The coherent theme is the real innovation of a thesis. This is the true value of Ph.D. training, where you can see the whole picture. It is consistent exploration of one topic. For example, before writing my Ph.D. thesis, I wrote papers of self-fulling bias in a multiagent environment, and I wrote papers on auction agents and how they act by learning about each other. I also experimented with agents playing soccer and wondered what would be their strategies. But what is the general theme that summarize these different topics? It’s about learning in a multiagent environment. Then what is the general theoretic framework that describes the interaction?
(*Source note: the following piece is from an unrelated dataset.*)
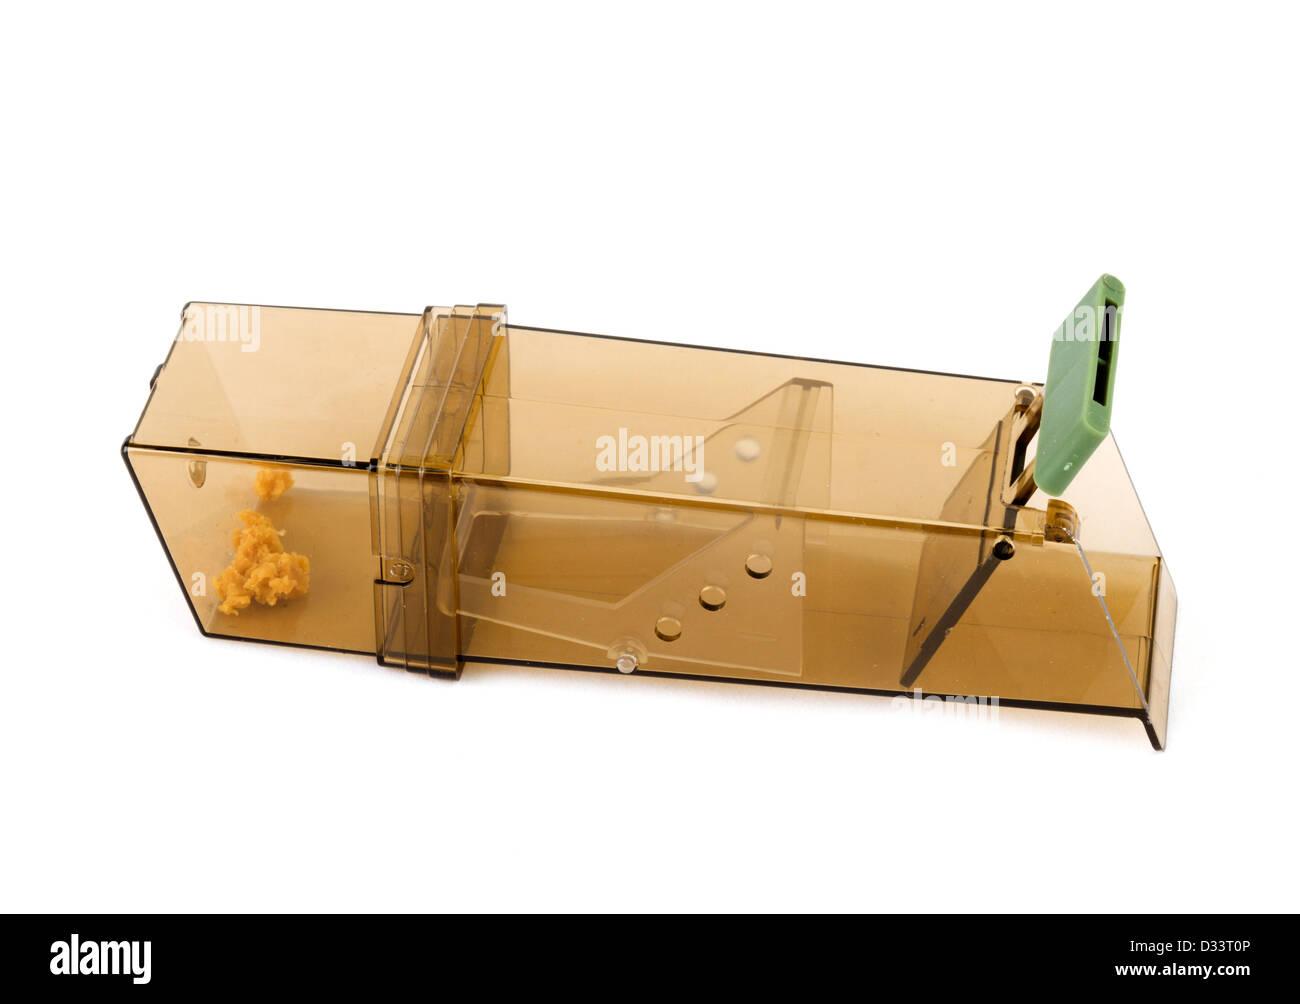 Humane mouse trap - Stock Image

I remember staying in the library, reading and thinking, making notes. I remember visiting another department, stumbling on a book on control theory and the work on Markov games. That was the framework I looked for. Those were quiet time, with no outside distraction or obligation.
Once we settle down on a coherent framework, and know that whatever you invent is general enough (application to different scenarios), the next question is: How to solve this general problem? You provide a new computing algorithm to solve this problem. Here is your unique invention. You demonstrate its soundness with experimental results along with mathematical proof. You also demonstrate its computational efficiency. The uniqueness of computer science Ph.D. vs other Ph.D. training is the emphasis on computing feasibility. In computer science, we care about time complexity (how long does it take to finish computing?), and space complexity (how much memory space required to store the date and intermediary results?). We have to show that whatever we invent can be implemented, runs fast and does not take excessive memory space.
When you are satisfied with your experimental results, you write up your thesis. Here you put all the work together into one piece. As a non-native speaker, I struggled with my English writing then. I remember the red inks on my thesis marked by my adviser, mostly on grammatical mistakes. I felt very embarrassed. Looking back today, I realize how it helped me to have a higher standard for good writing.
By the time you finish your thesis, you have endured the lonely graduate life (others already graduated and working), you have suffered through low income syndrome as a poor graduate student. You are secluded from the real world, staying in the academic ivory tower, for the purpose of attacking a big problem. It’s like a martial art master who hides inside a mountain practicing his moves, you are practicing the moves in your research thinking and the muscle of attacking a difficult problem.
By now your research ability has taken a leap from a year before. You have ascended to a mountain, and you can see the whole horizon of the research field. Like larvae turning into a butterfly, you are transformed into an independent researcher.
This is what a Ph.D. training gives you.
I hope I have peeled back a veil that mystifies many people. When you decide on going to a Ph.D. program or on hiring a Ph.D. graduate, you know what you are getting.